Но подозрительно притихшая свекровь достала из кармана носовой платок… и Катерина вдруг впервые в жизни увидела на ее глазах настоящие слезы…
– Як жеш, Катя… як цэ воно о то выжило, га? – Арина Александровна, машинально вытирая выцветшие глаза уголком повязанного платка, забыв о носовом, первая нарушила молчание.
– Та-а, так и выжило… – тихо промолвила Катерина. – Тада в Муйнак к кому то бабушка приезжала… Я так и не поняла, к кому она. Думала к Аникеевым, но те потом сказали, шо к ним нихто сто лет в обед и носа не казал… Опщим, она, как внезапно появилася, так и ищезла.
– Ну, потим, що? Що потим о то було?
– Ну, накупала она ее в травах каких-то та корнях, шо с собой принесла… та помолилася там – у окошка. А утром пошла я на работу, этим же наказала, шоб тихо сидели, – сноха кивнула в сторону старших, – прихожу домой, а они передрались тут, как черти, орут, как скаженючие… Порастрепали, засранцы, всю подушку, на которой же она там на топчане лежала. Сами, шо лисята в курятнике – в перьях та пуху оба, и эта – Кланька-Манька на полу. И вся хата в перьях! Ой, было тут… Подняла ее, смотрю – живёхонька. Та живучая она… Эти, вон, тока за прошлую зиму аж по три раза переболели, а она – хоть бы хны. Ну и тада, правда, после того бабкиного купання, она ни разу не проснулася, спала, как убитая, аж пошти четверо суток! Эти же двое и потом, чё тока тут не вытворяли, пока я на работе-то. А как тока она разинула очи, я ей сразу дала цыцку, как та бабка и велела. Взяла-а! Пососала, почамкала, та и снова спать.
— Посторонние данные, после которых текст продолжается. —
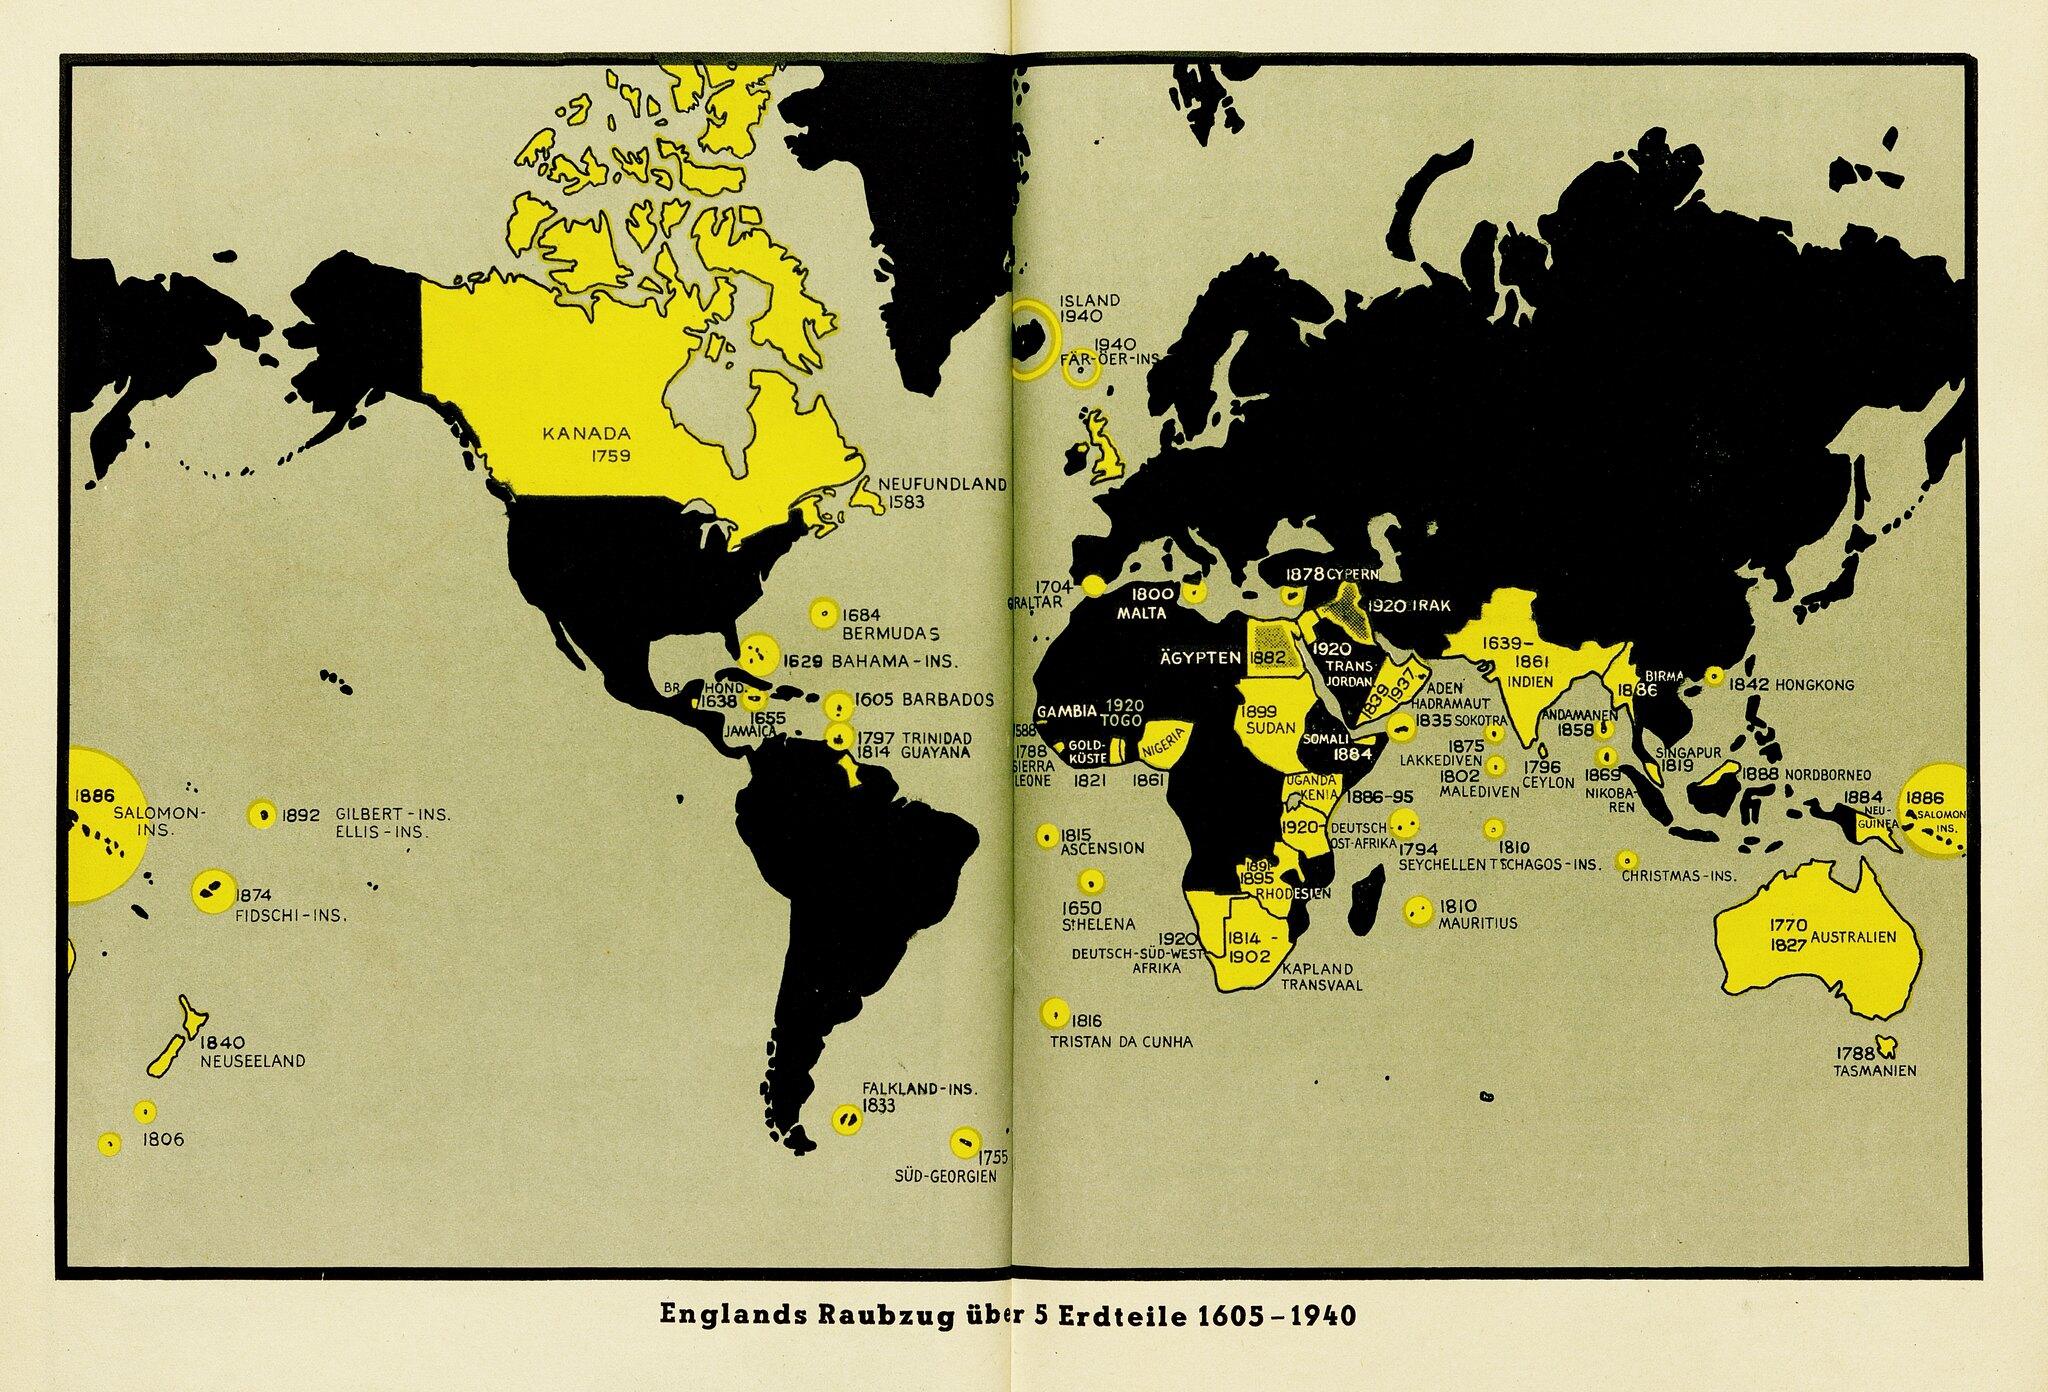 1940 German propaganda map of the British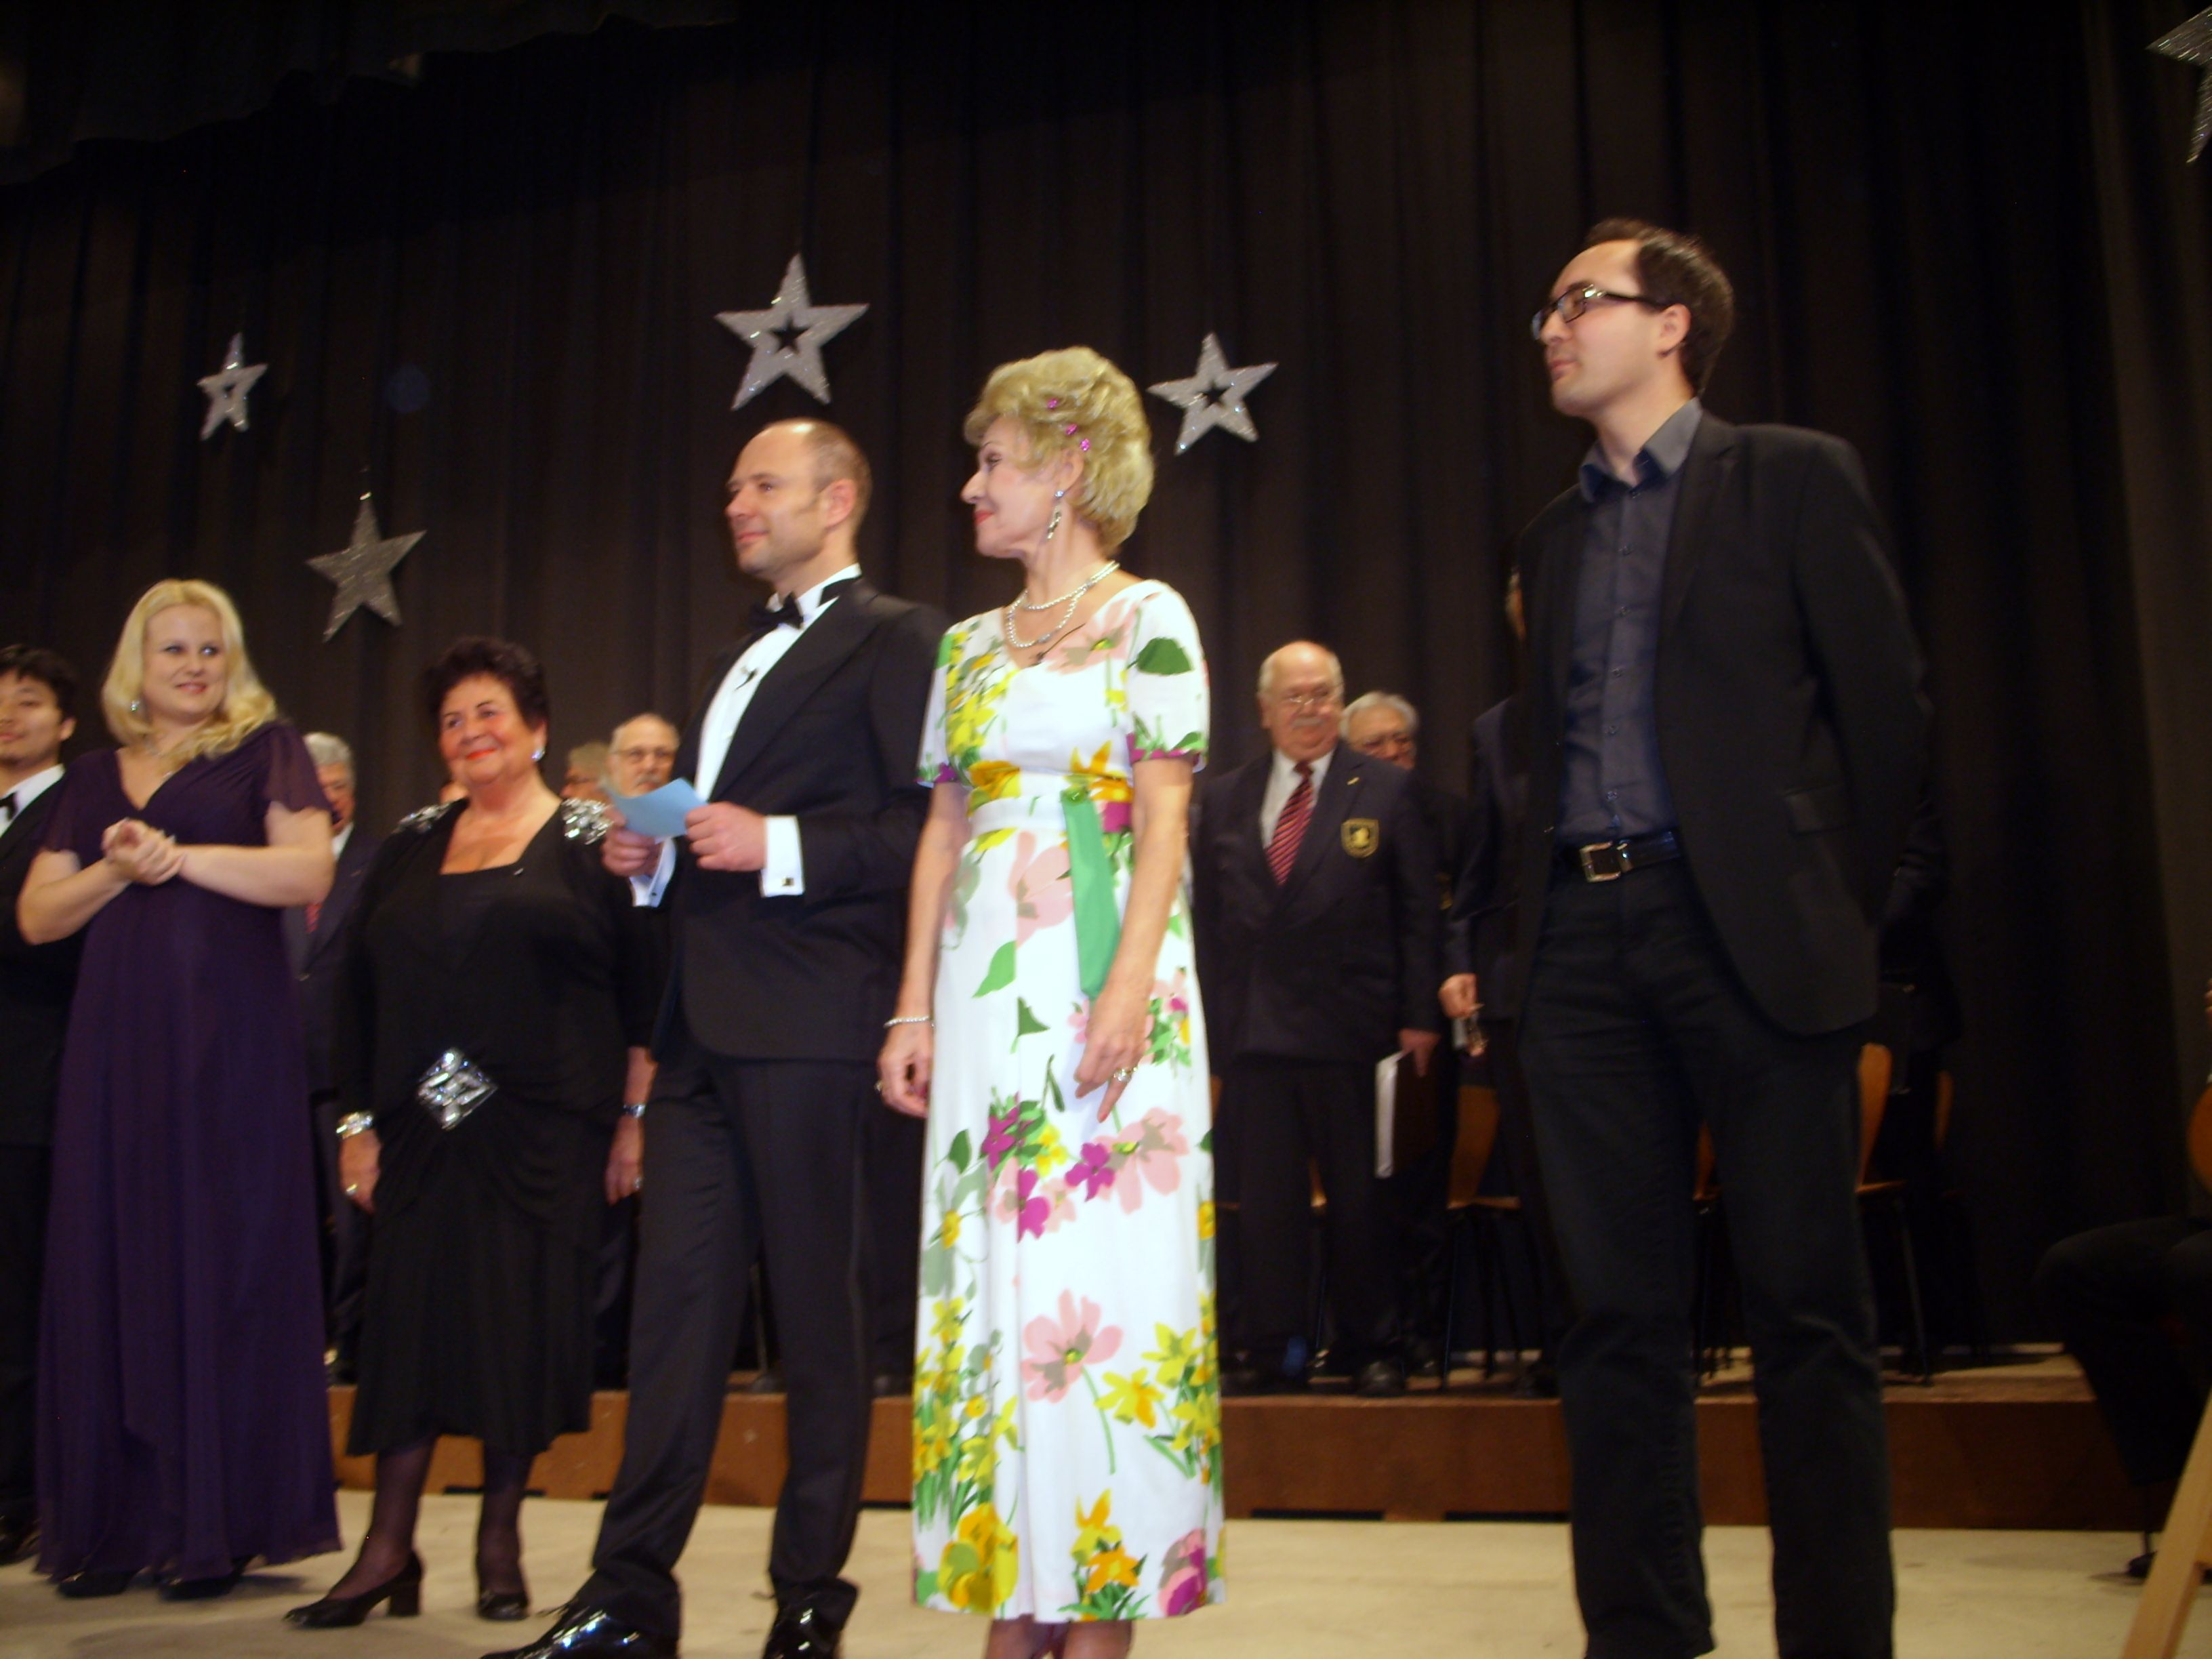 Sabina Zapior / Marika Sobotka / Günther Strahlegger / Ingrid Schlemmer / Reinhard Trinkler

Да, Манька?
– Дя-а… – протянула, улыбаясь набитым ртом, Манька-Кланька, словно понимая, о чем идет речь.
– Мы тут потом ее еще и свешали безменом: кило четыреста она тада всего весила! Не то, шо щас…
– Так це ж, мабудь, Катя, був… Це ж, Катя, був Ангел… – вполголоса задумчиво произнесла свекровь.
– Хто-о?
– Цэ Ангел був… Як-як, кажешь, еи звалы? – перекрестившись, Арина Александровна остановила взгляд на притихшей внучке.
– Та-а, и имя в неё… В опщим, сказала, шо Амалией зовут.– Моргнув, отозвалась Катерина.
– Амалля? Кажу же, Катя, що Ангел це був, – внезапно оживилась гостья, – ты ж у той дэнь на похороны матэри бо нэ поихала? Нэ поихала! Ось Господь и послав його до тэбэ, щоб… щоб о це дитятко нэ помэрло… – снова набожно перекрестившись, она добавила, – мэни ж тоди Гаврыло, якщо заявывсь, казав, що твоя матэ помэрла. Царствие еи небеснэ…
– Та какой тут, мама, Ангел – в этом Муйначке засратом? – ухмыльнулась Катерина.
– …Та хочь звэсылы тэбэ о ци бэзбожныки, Манька… чи ты Кланька? – не обращая внимания на реакцию снохи, вдруг приободрившись, сказала свекровь и крепко прижала к себе ребенка.
Пристально вглядевшись в личико новоиспеченной внучки, Арина Александровна вдруг всплеснула руками:
– Та як жеш це тэбэ твий ридный батько тай нэ прызнав, га?! Катя, дывысь, та воно ж – вылита я! Дывысь, як воно на мэнэ походэ!.. – взяв девочку за плечи, она легонько ее встряхнула, – побачь, Катя, побачь, як мы з нэю… Як о то дви капли! Тильки в нэй глазки о то нэ мои. А так усё, як у мэнэ и е!
– Ну-ну, а то ж я первый раз ее вижу, – улыбнулась Катерина. Глядя на то, как общаются бабушка и внучка, она почувствовала, как на душе у нее стало спокойнее.
Минуту-другую свекровь сидела и смотрела прямо перед собой невидящим взглядом, а потом задумчиво произнесла:
– О це будэ Ольга.
– О-Ольга? – настала очередь искренне удивляться невестке. – Это ж с какова переполоху она у нас вдруг будет теперь Ольгою, а, мама?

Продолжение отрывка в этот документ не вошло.